2012年

2月

20日

もうひとつのがん難民

 

【がんは国民病】

 平和で栄養状態が良く、衛生的な環境に暮す日本国民は、過去類例のない長寿を享受しています。
かつては脱水や栄養不足、感染症が多くの人の命を奪いましたが、長寿化と医学の進歩とにより疾病構造が変化し、悪性腫瘍(がん)や虚血性心疾患、脳血管障害が死因の上位を占めるようになりました。とりわけ悪性腫瘍(がん)は、死因の約3割を占めており、その早期発見・治療はもちろん、先進的治療や新薬の動向は、国民的関心と言っても過言ではありません。


【がん難民とは】 

 ここ数年、「がん難民」というセンセーショナルな言葉が、新聞や週刊誌、テレビニュースで散見されるようになりました。
「がん難民」の内容にはかなりの幅がありますが、概ね、治療に納得の行かない人達、満足ながん治療を受けられぬ人々を指すようです。
「ドラッグラグで世界標準薬が使えない」「高額な先進医療を受けられない」
「がん治療の地域格差がある」「どこで治療を受ければ良いか分らない」
といった悩みが、しばしばメディアに取り上げられています。


【名医、国手といえども・・・】

 では、ドラッグラグが無くなり、先進医療の恩恵が遍く行き渡って、地域格差が解消したならば、「がん難民」は居なくなるのでしょうか?
これらの悩みは、どちらかといえば、積極的ながん治療を受ける人々の抱える悩みです。
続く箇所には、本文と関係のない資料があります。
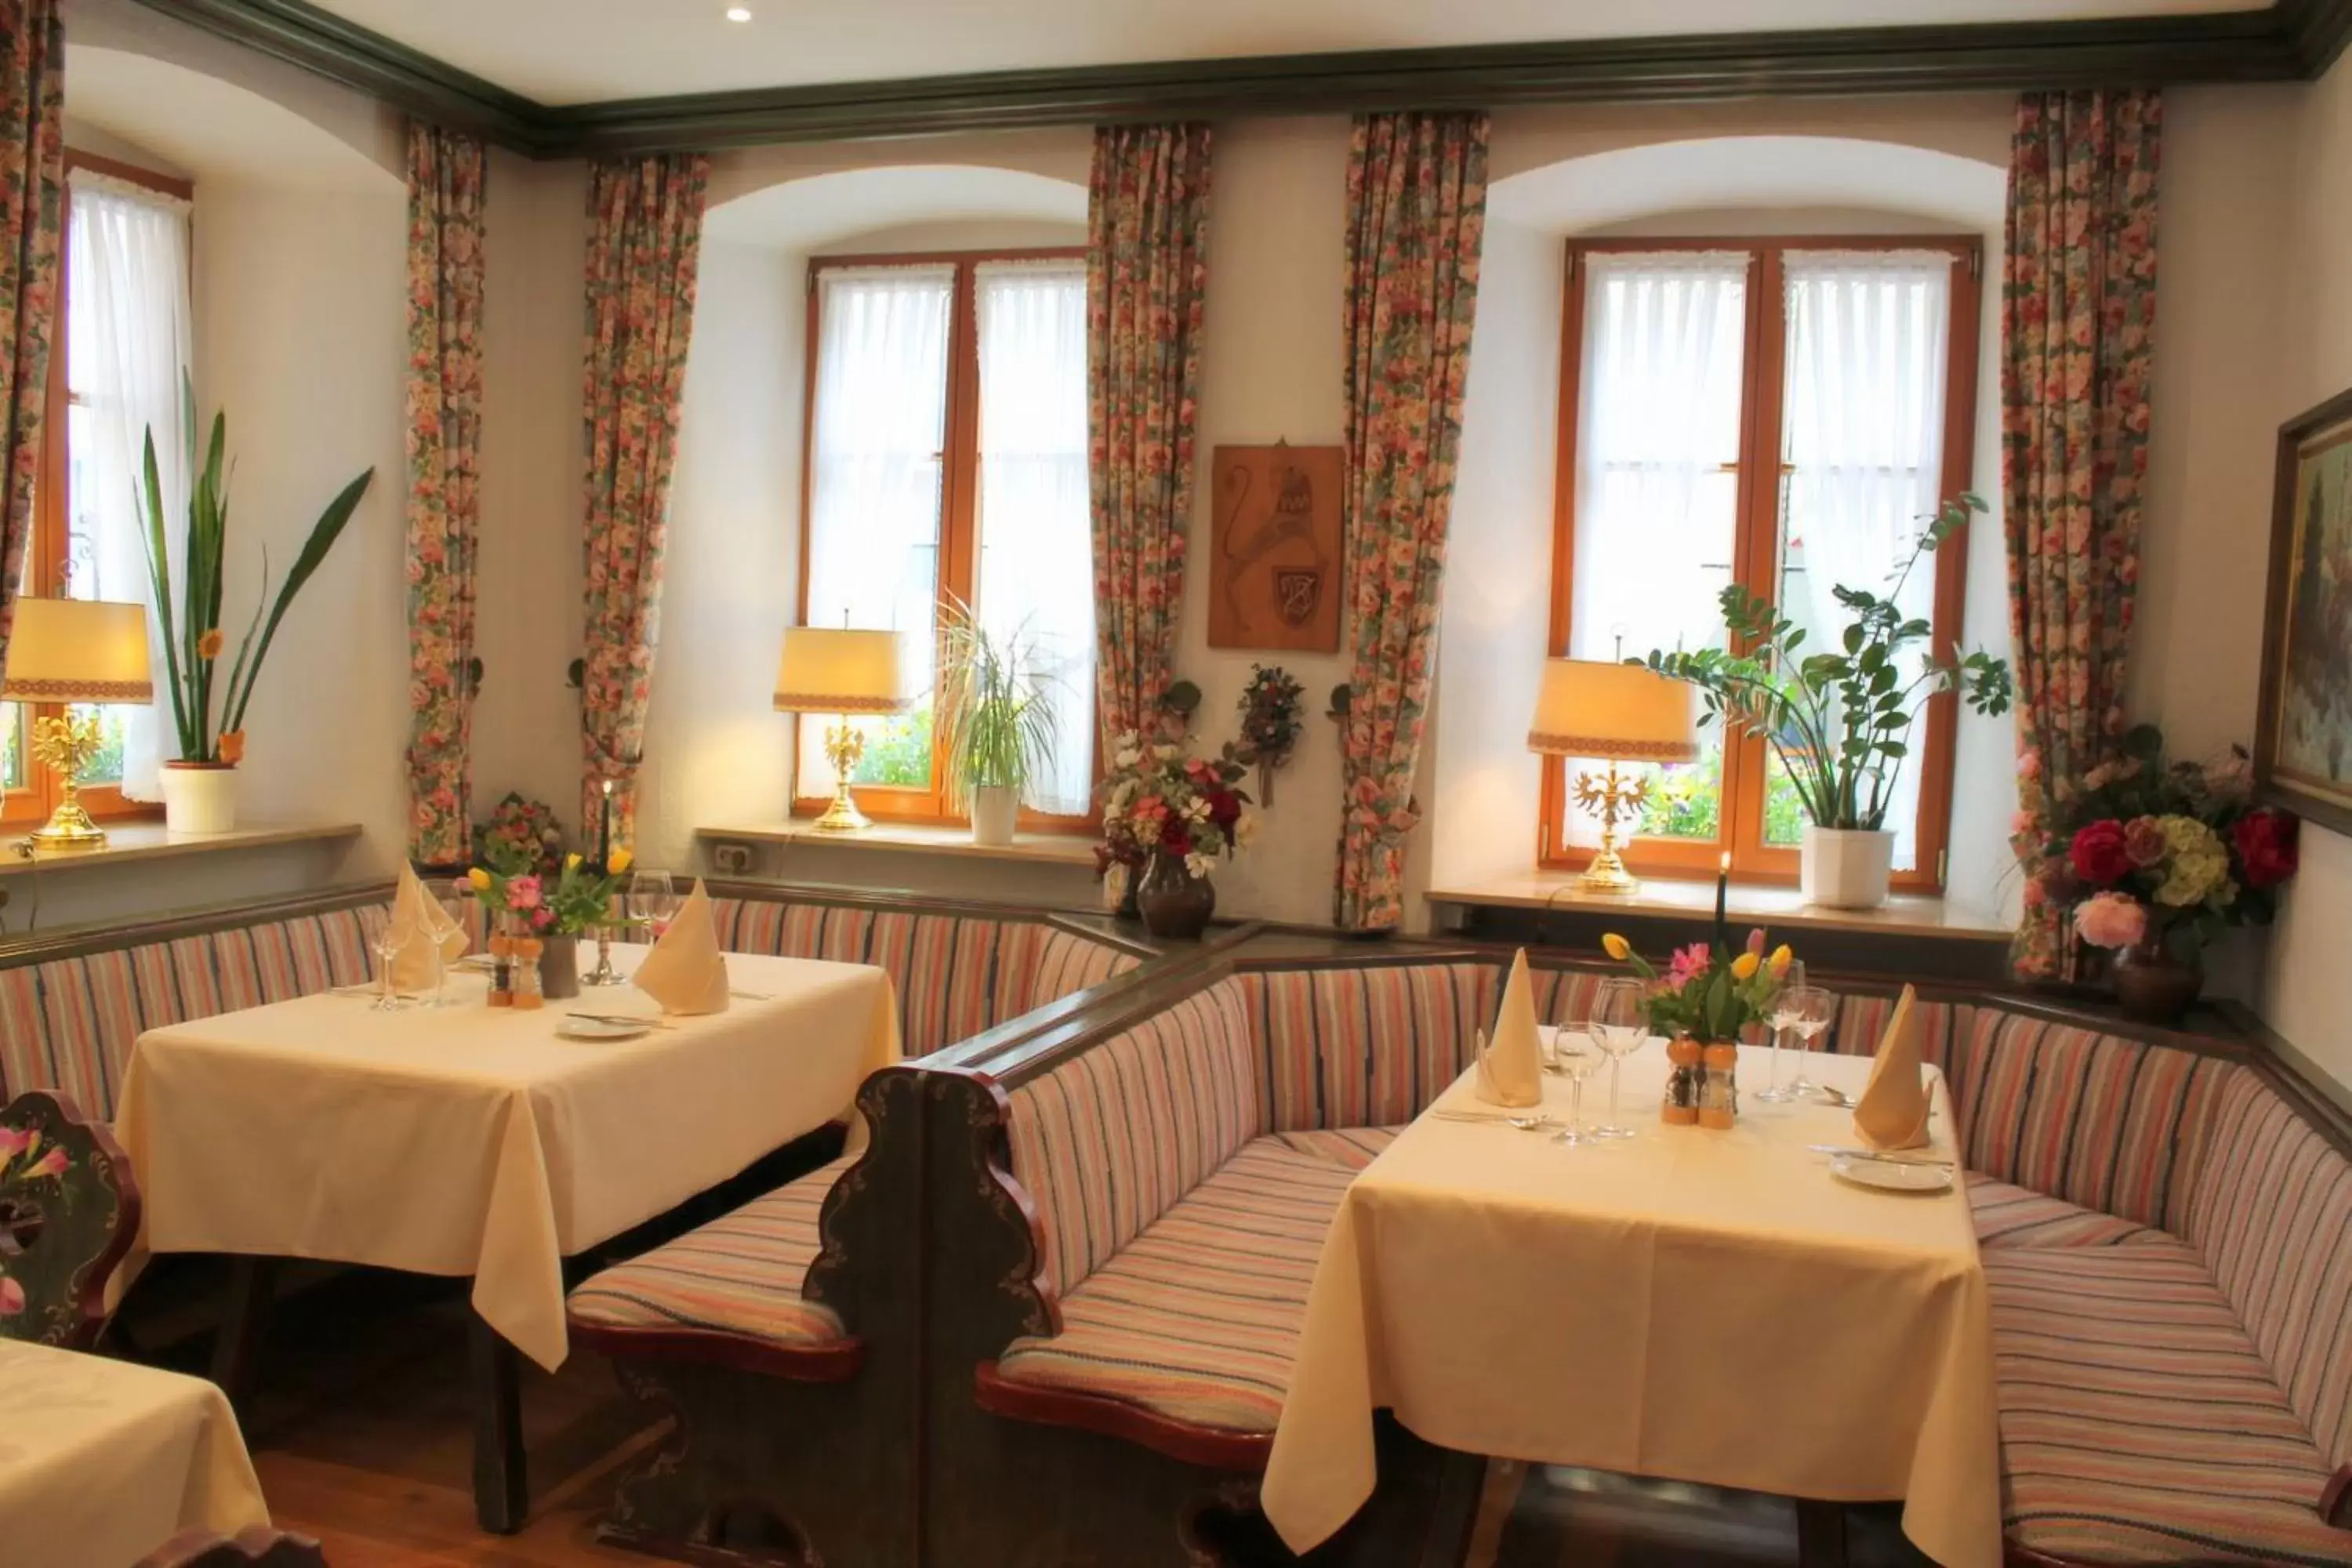 Restaurant/Places to Eat in Tilman Riemenschneider
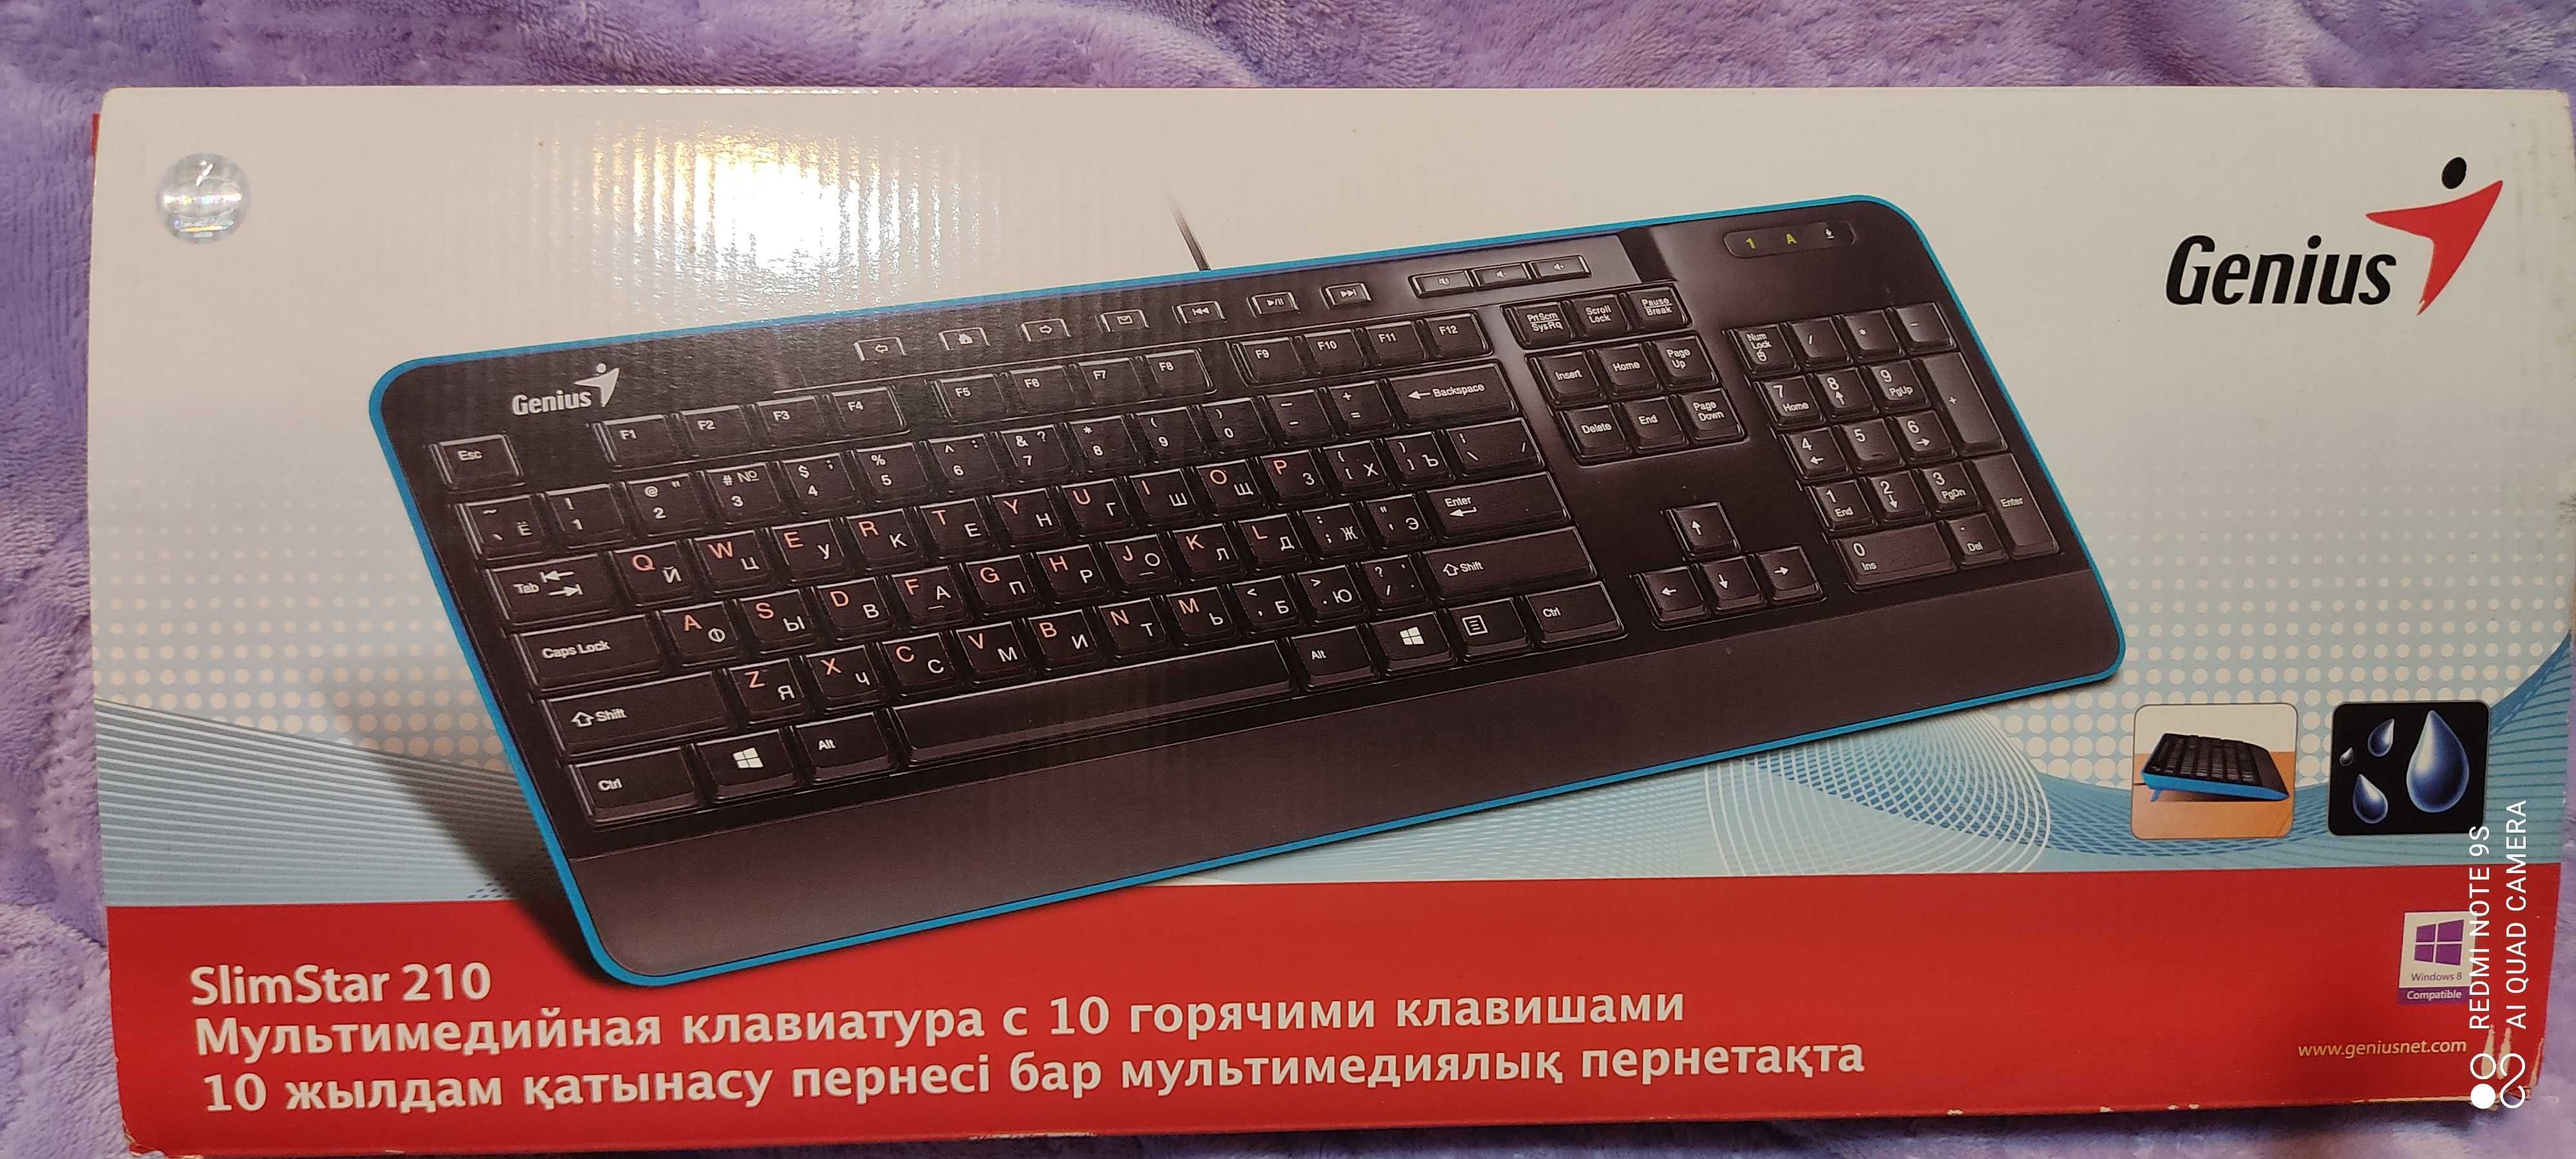 Продам клавиатуру для компьютера, Genius Slimstar 210

完治すべく、最善を尽したい人々の切なる願いです。それが切実なのは論を俟ちません。
 しかし薬石効なく、病に抗しきれぬ時が人には必ずやって来ます。
手術は出来ない。抗がん剤も放射線療法もやり尽した。先進医療の適応もない。もはや手の打ちようがない。この病院で出来ることはもうありません。
後はよその病院で緩和医療を受けて下さい。そう言われる時が来ます。最高の設備を持ち、名医・国手を揃える病院でも、治せないものは治せないのです。


【もう一つのがん難民】

 その時、ドラッグラグや先進医療とは違った悩みが頭を擡げてきます。
「もう助からないのか?」
「病院から見放されてどうすれば良いか分らない」
「緩和医療って何?」「あとどれくらい生きられるの?」
「痛みに苦しめられるのか?」「この後、自分はどうなってしまうのか?」と。
積極的な治療を受けていた時とは異なる苦悩に直面するのです。そんな深い悩みに寄添い、苦痛を緩和する医療制度は、残念ながら十分とは言えません。不幸にして積極的治療が奏功しなかったとき、深刻な悩みと不安とを抱えたまま、多くの人々が大病院を後にするのです。「もう一つのがん難民」として。

今回のメディカフェでは、「もう一つのがん難民」について、皆さんと話合いたいと思います。